Problem to work on:
Starting with the line below that holds "MoITT to Formulate" and stopping after the line that holds "China Herb. Brand", transcribe the lines exactly, leaving out all pictures.

(Beginning of Material shown)

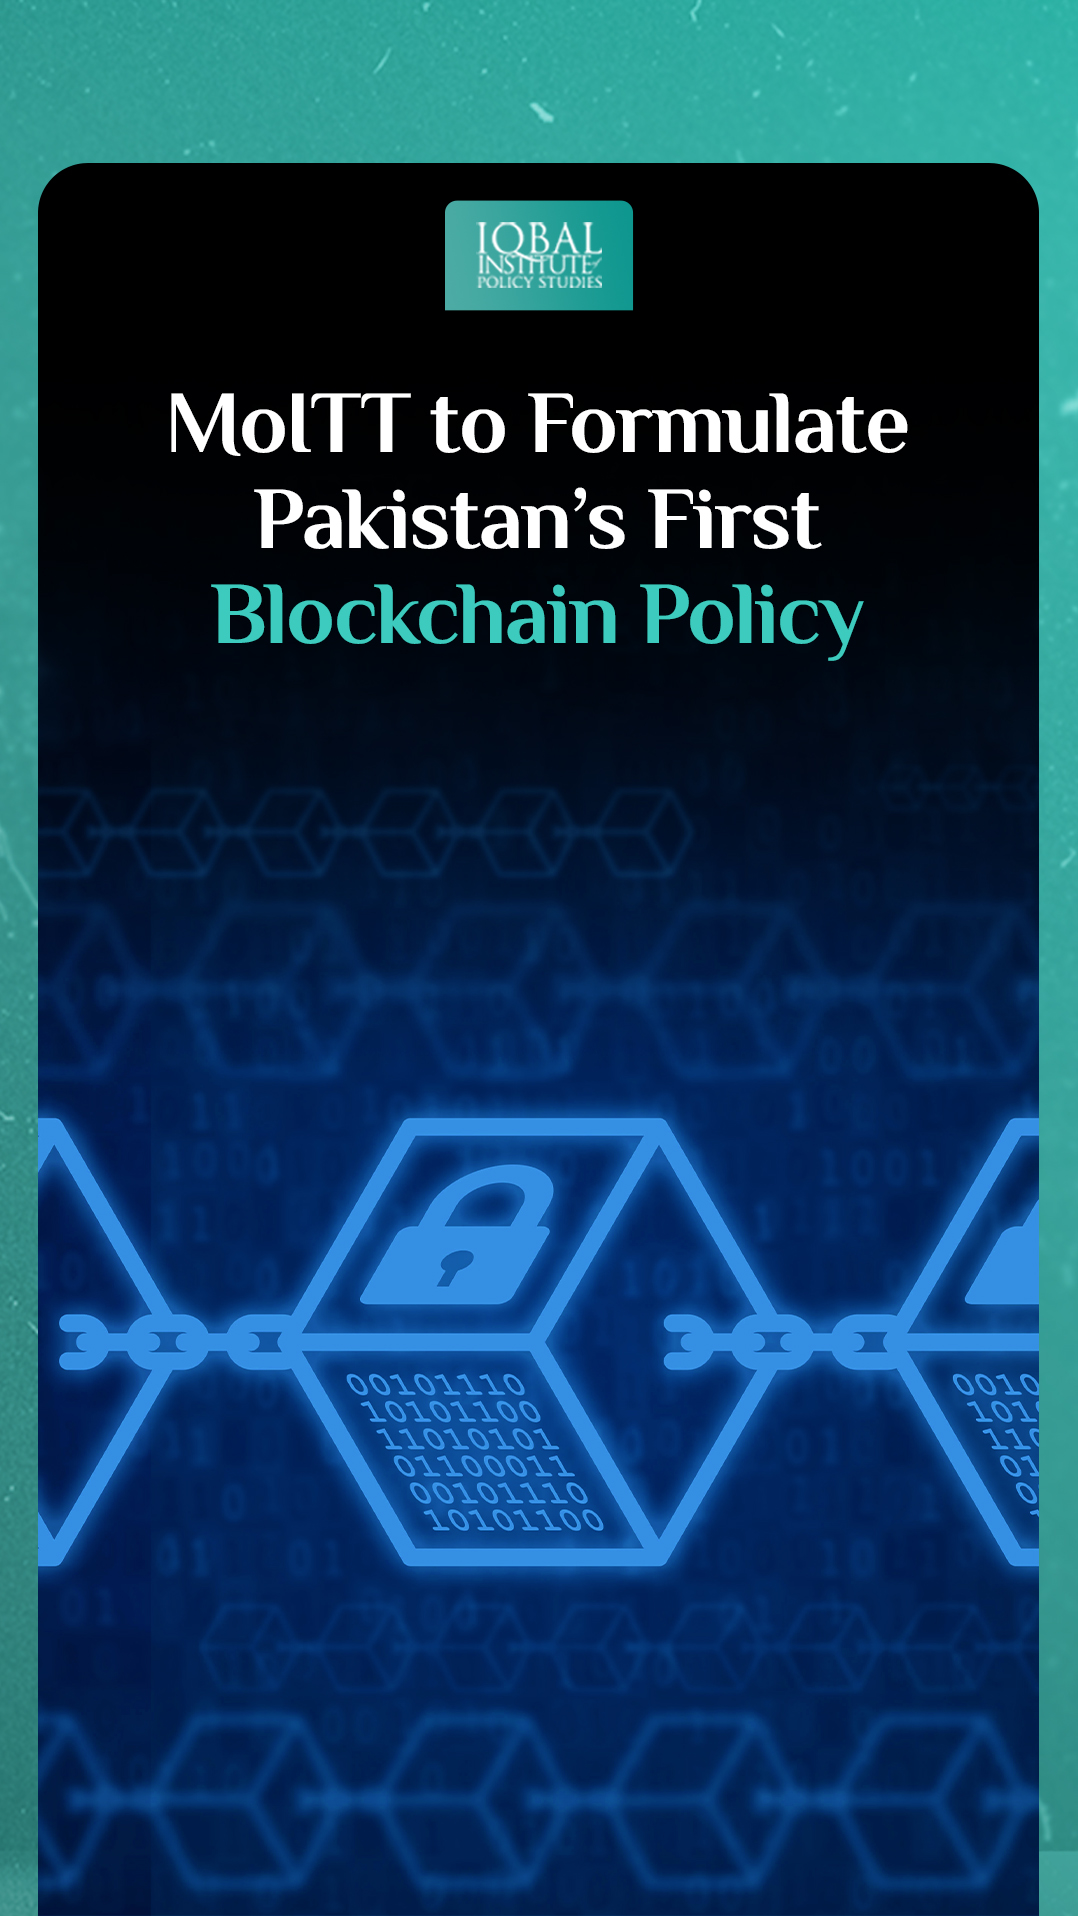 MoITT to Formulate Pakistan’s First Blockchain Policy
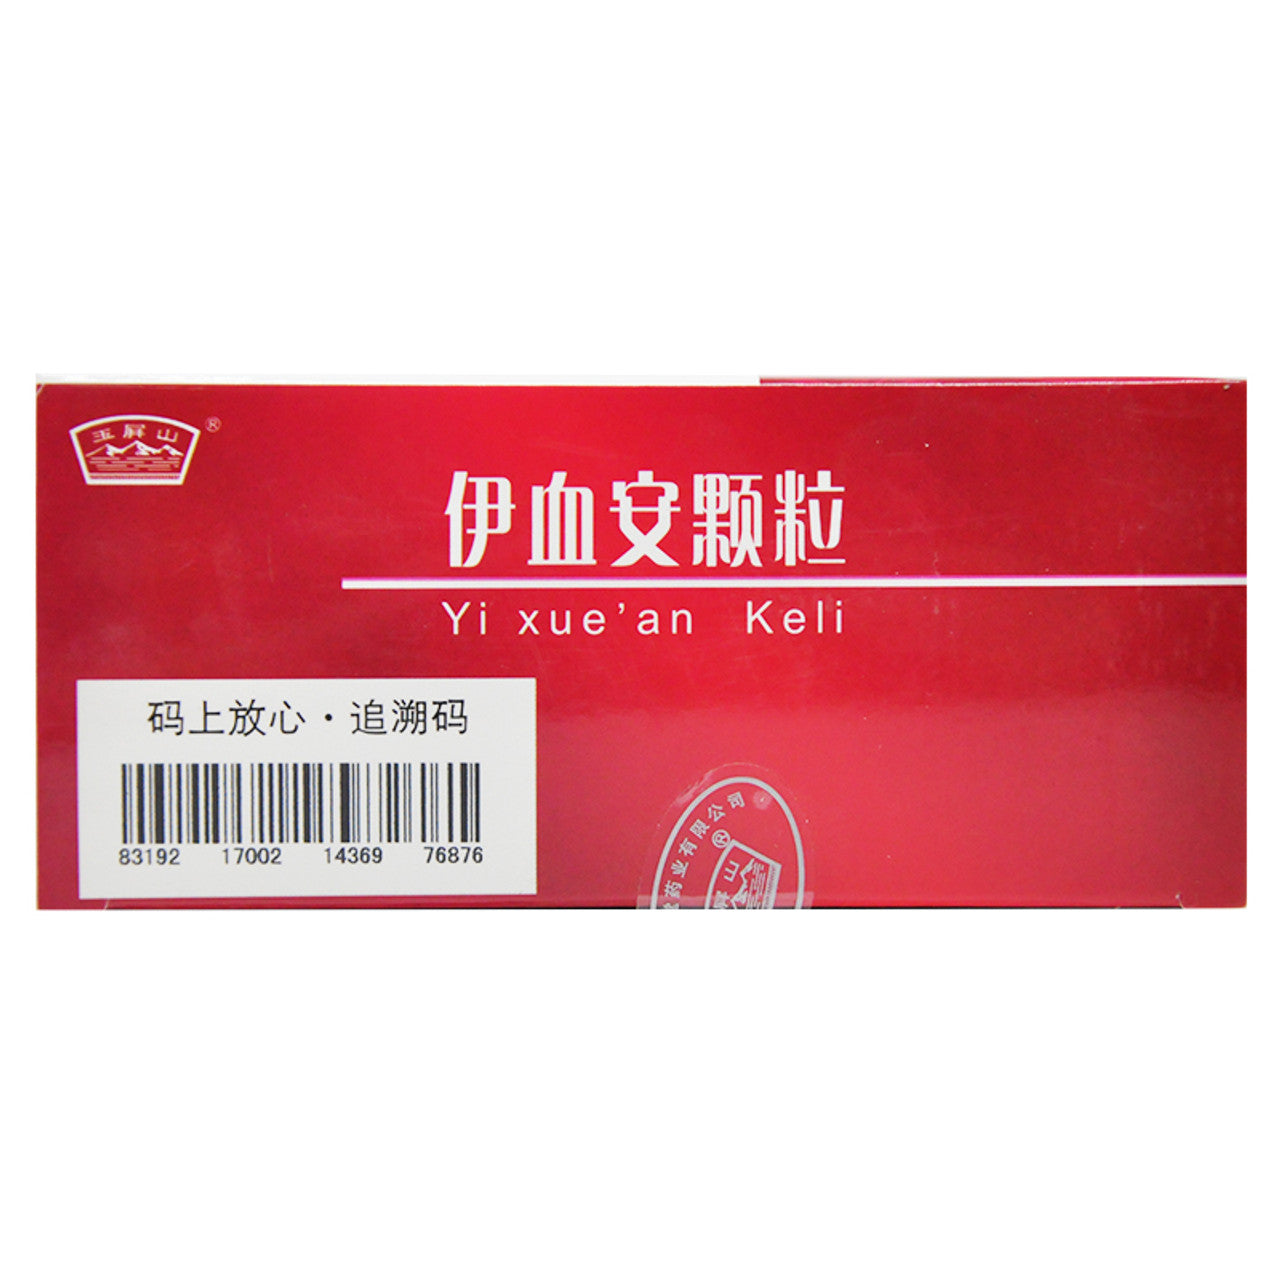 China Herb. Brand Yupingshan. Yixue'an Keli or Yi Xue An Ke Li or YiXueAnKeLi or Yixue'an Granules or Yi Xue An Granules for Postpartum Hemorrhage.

(End of Material shown)
(Beginning of Material shown)

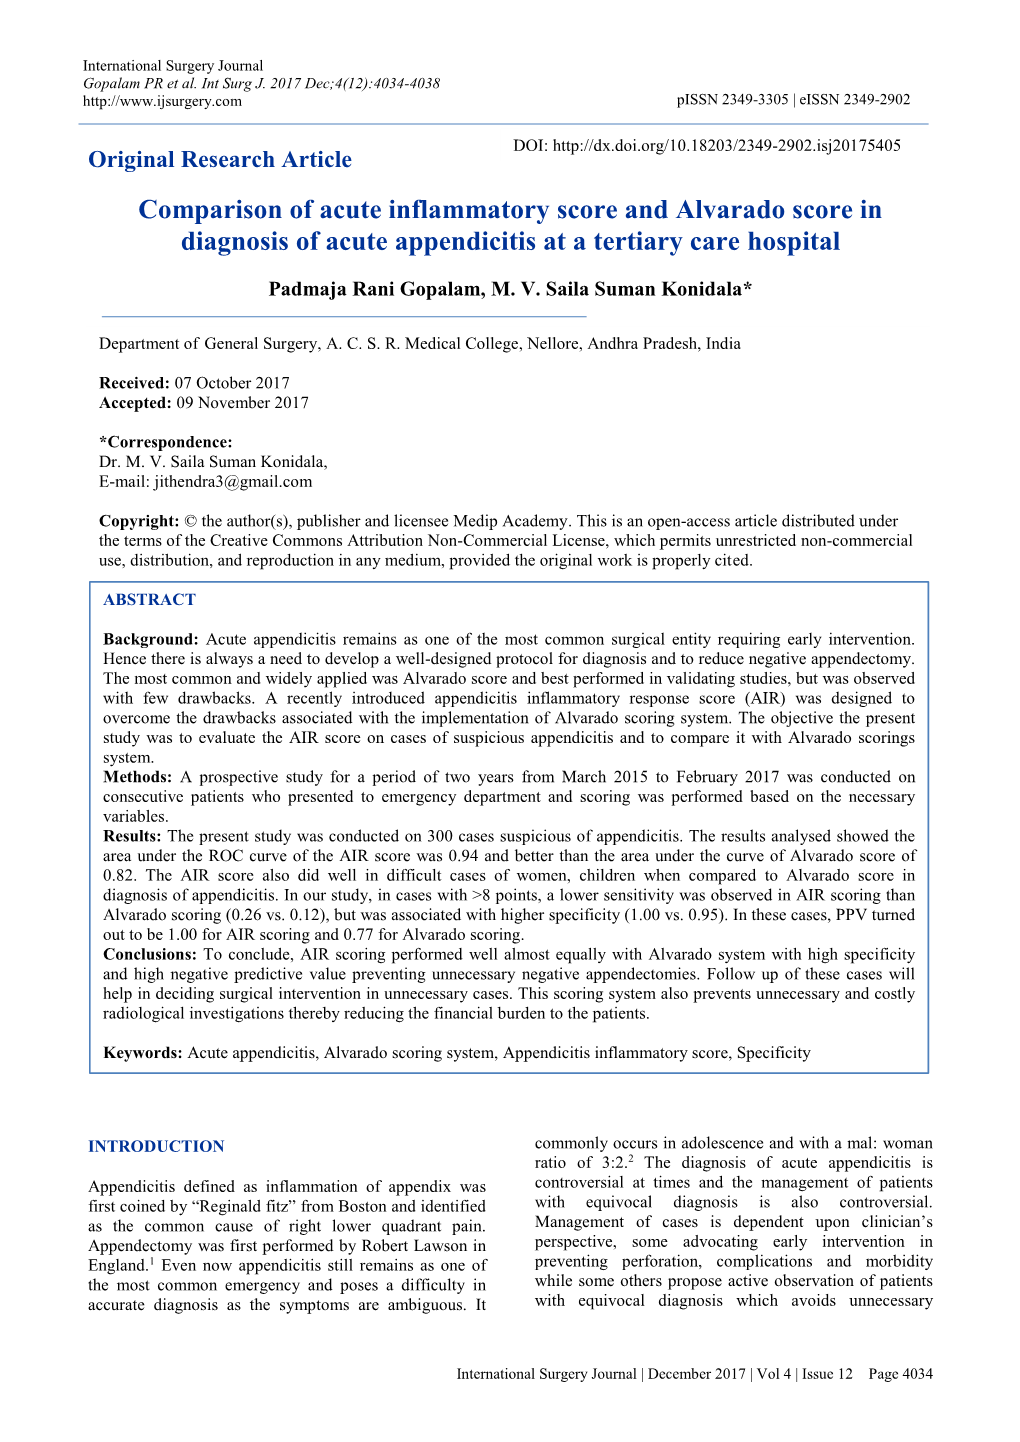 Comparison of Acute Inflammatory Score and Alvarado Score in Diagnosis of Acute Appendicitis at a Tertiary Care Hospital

(End of Material shown)

Answer space:
 MoITT to Formulate Pakistan’s First Blockchain Policy
 China Herb. Brand Yupingshan. Yixue'an Keli or Yi Xue An Ke Li or YiXueAnKeLi or Yixue'an Granules or Yi Xue An Granules for Postpartum Hemorrhage.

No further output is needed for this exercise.